Она снисходительно усмехнулась:

— Слава те, не паяные!.. пусти руку, выломаешь, — и ударила его по руке. — Откуда экую рань, с гульбы, что ли?

— Нет, приятеля провожал одного. Полетел умирать в цветы… Ну, рад, мать, рад за тебя! Знаешь, а я притти боялся. Ну как, что нового? Барыня-то жива ещё… вот, что с тобой жила?

— Ноне советские духи под заграничные продаёт… Чего ж про Наталку-то не спросишь?

— А что ж мне Наталья! Тоже не паяные…

— Вот скрутился с другой, вот и дела другие пошли. Скоро тебя под суд-то отдадут? Небось, инженерша передачек-то не понесёт. Ты чего там, на Соти твоей нашкодил?

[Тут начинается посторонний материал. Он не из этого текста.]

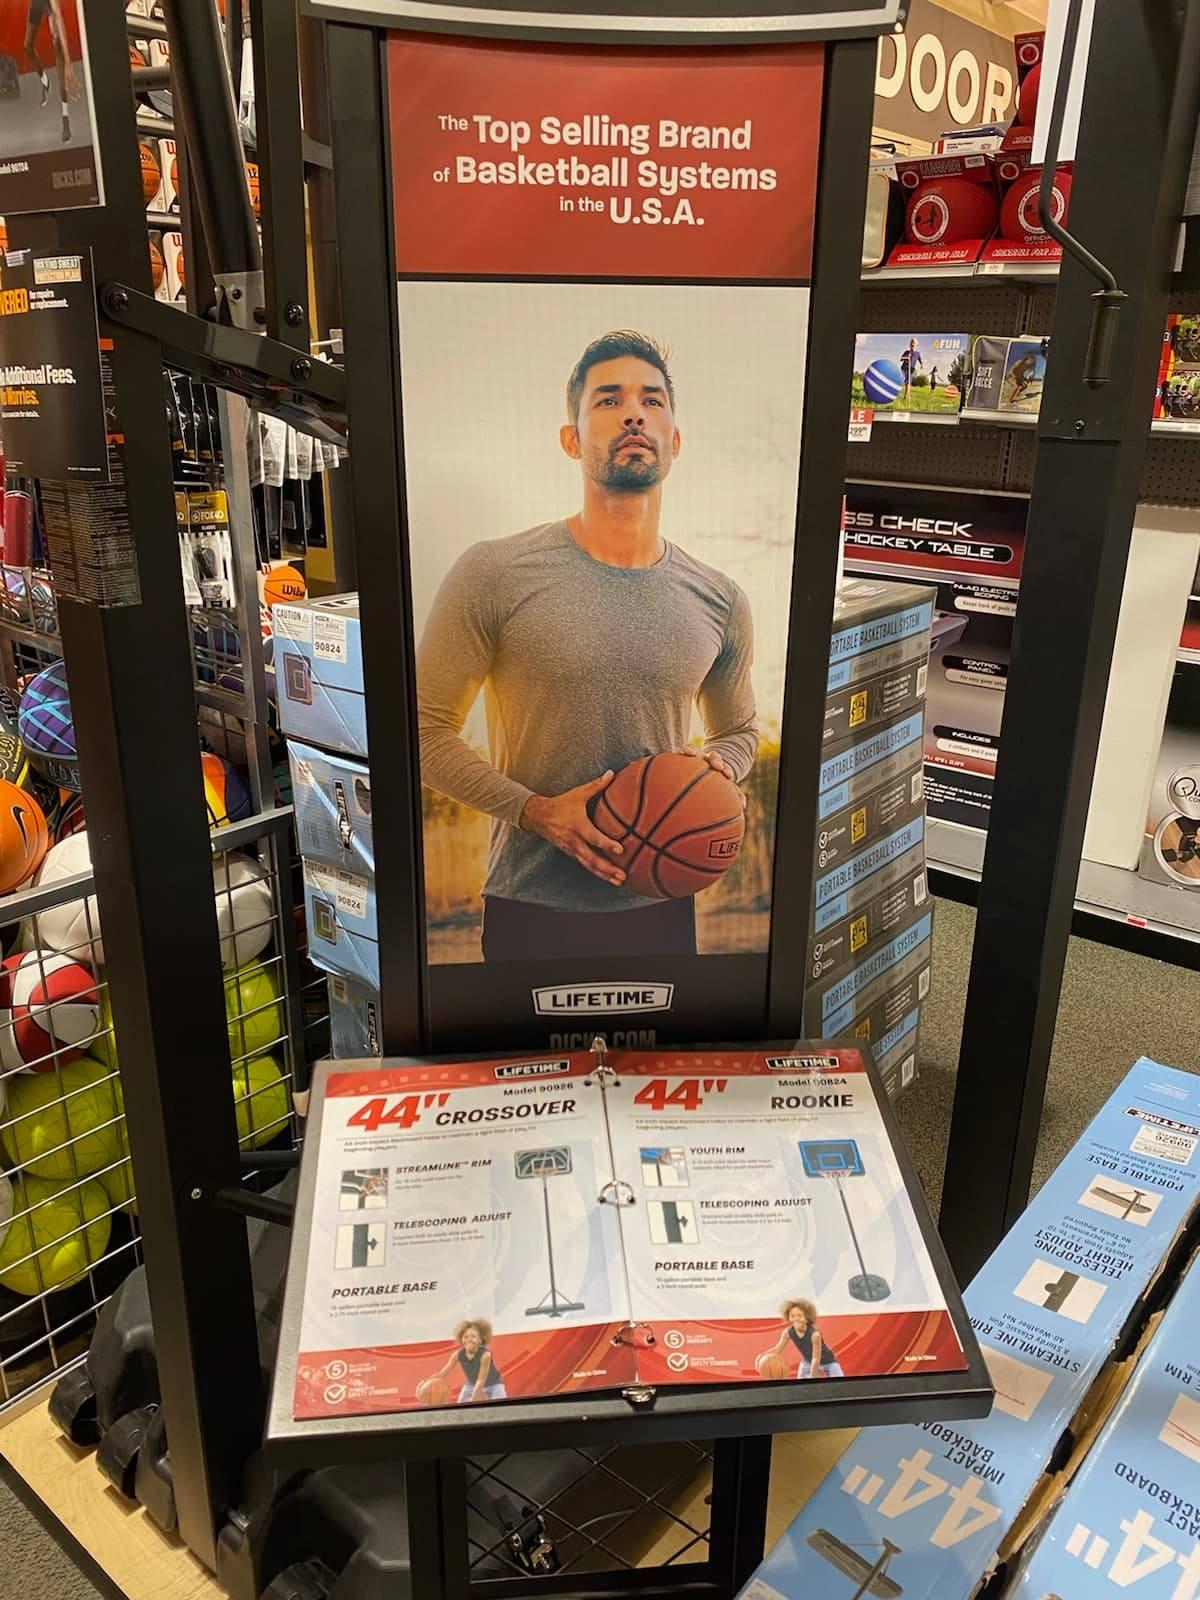 Basketball For Lifetime in Dick's Sporting Goods

— Ого, а ты и газеты стала читать? Молодец, мать, молодец! Слушай, поедем со мной на Соть, а?.. а то живу чортом, прибраться некому. Изба у меня вроде бани, такая, в ней и живу. — Он мельком вскинулся на большие уличные часы и опять схватил её за руку; было крепко пожатье, точно сцепились якоря. — Пора мне… время, надо домой заехать. Слушай, приезжай… станция Соть, а там спросишь! — прокричал он уже из трамвая, в который вскочил на бегу.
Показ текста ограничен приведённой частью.